In my program, I have just one of these. Threads are created on an interval every 10s, and each performs a database lookup. When the lookup is complete, the thread runs to completion and removeThread should be invoked; with a mutex set, the thread object is removed from internal tracking. I can see this working properly with the output ABC.

Once in a while, though, the mechanisms collide. removeThread is executed perhaps twice concurrently. What I can't figure out is why this results in a deadlock. All thread invocations from this point never output anything other than A. [It's worth noting that I'm using thread-safe stdlib, and that the issue remains when IOStreams are not used.] Stack traces indicate that the mutex is locking these threads, but why would the lock not be eventually released by the first thread for the second, then the second for the third, and so on?

Am I missing something fundamental about how scoped_lock works? Is there anything obvious here that I've missed that could lead to a deadlock, despite (or even due to?) the use of a mutex lock?
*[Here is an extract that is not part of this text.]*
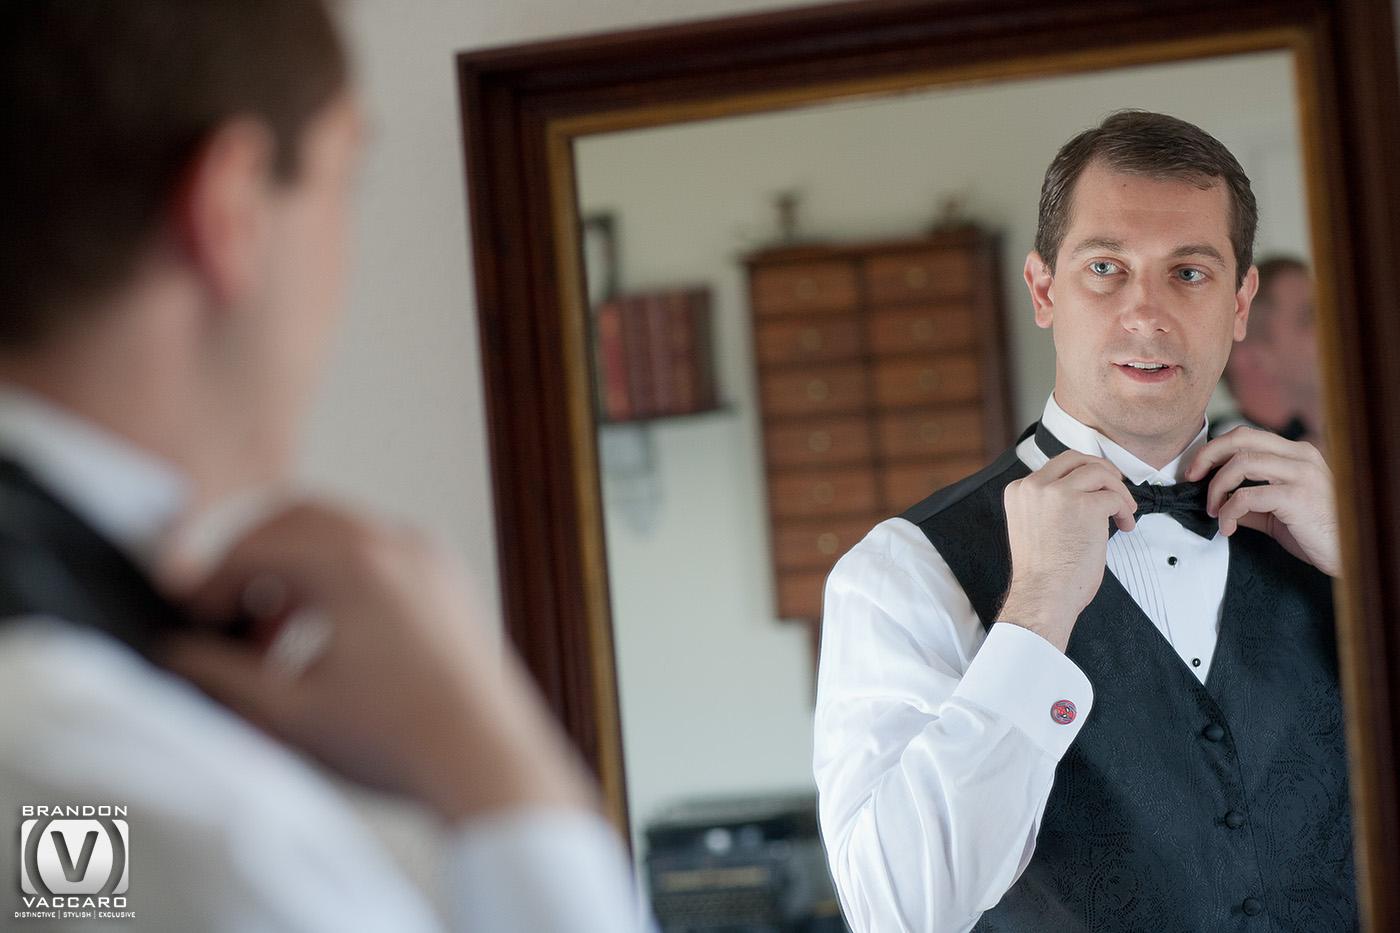 real-wedding-groom-geting-ready.jpg

Sorry for the poor question, but as I'm sure you're aware it's nigh-on impossible to present real testcases for bugs like this.

class has_threads {
    protected:
        template <typename Callable>
        void createThread(Callable f, bool allowSignals)
        {
            boost::mutex::scoped_lock l(threads_lock);

            // Create and run thread
            boost::shared_ptr<boost::thread> t(new boost::thread());

            // Track thread
            threads.insert(t);

            // Run thread (do this after inserting the thread for tracking so that we're ready for the on-exit handler)
            *t = boost::thread(&has_threads::runThread<Callable>, this, f, allowSignals);
        }

    private:

        /**
         * Entrypoint function for a thread.
         * Sets up the on-end handler then invokes the user-provided worker function.
         */
        template <typename Callable>
        void runThread(Callable f, bool allowSignals)
        {
            boost::this_thread::at_thread_exit(
                boost::bind(
                    &has_threads::releaseThread,
                    this,
                    boost::this_thread::get_id()
                )
            );

            if (!allowSignals)
                blockSignalsInThisThread();


            try {
                f();
            }
            catch (boost::thread_interrupted& e) {

                // Yes, we should catch this exception!
                // Letting it bubble over is _potentially_ dangerous:
                // http://stackoverflow.com/questions/6375121

                std::cout << "Thread " << boost::this_thread::get_id() << " interrupted (and ended)." << std::endl;
            }
            catch (std::exception& e) {
                std::cout << "Exception caught from thread " << boost::this_thread::get_id() << ": " << e.what() << std::endl;
            }
            catch (...) {
                std::cout << "Unknown exception caught from thread " << boost::this_thread::get_id() << std::endl;
            }
        }

        void has_threads::releaseThread(boost::thread::id thread_id)
        {
            std::cout << "A";
            boost::mutex::scoped_lock l(threads_lock);

            std::cout << "B";
            for (threads_t::iterator it = threads.begin(), end = threads.end(); it != end; ++it) {

                if ((*it)->get_id() != thread_id)
                    continue;

                threads.erase(it);
                break;
            }
            std::cout << "C";
        }

        void blockSignalsInThisThread()
        {
            sigset_t signal_set;
            sigemptyset(&signal_set);
            sigaddset(&signal_set, SIGINT);
            sigaddset(&signal_set, SIGTERM);
            sigaddset(&signal_set, SIGHUP);
            sigaddset(&signal_set, SIGPIPE); // http://www.unixguide.net/network/socketfaq/2.19.shtml
            pthread_sigmask(SIG_BLOCK, &signal_set, NULL);
        }


        typedef std::set<boost::shared_ptr<boost::thread> > threads_t;
        threads_t threads;

        boost::mutex threads_lock;
};

struct some_component : has_threads {
    some_component() {
        // set a scheduler to invoke createThread(bind(&some_work, this)) every 10s
    }

    void some_work() {
        // usually pretty quick, but I guess sometimes it could take >= 10s
    }
};

回答1:

Well, a deadlock might occurs if the same thread lock a mutex it has already locked (unless you use a recursive mutex).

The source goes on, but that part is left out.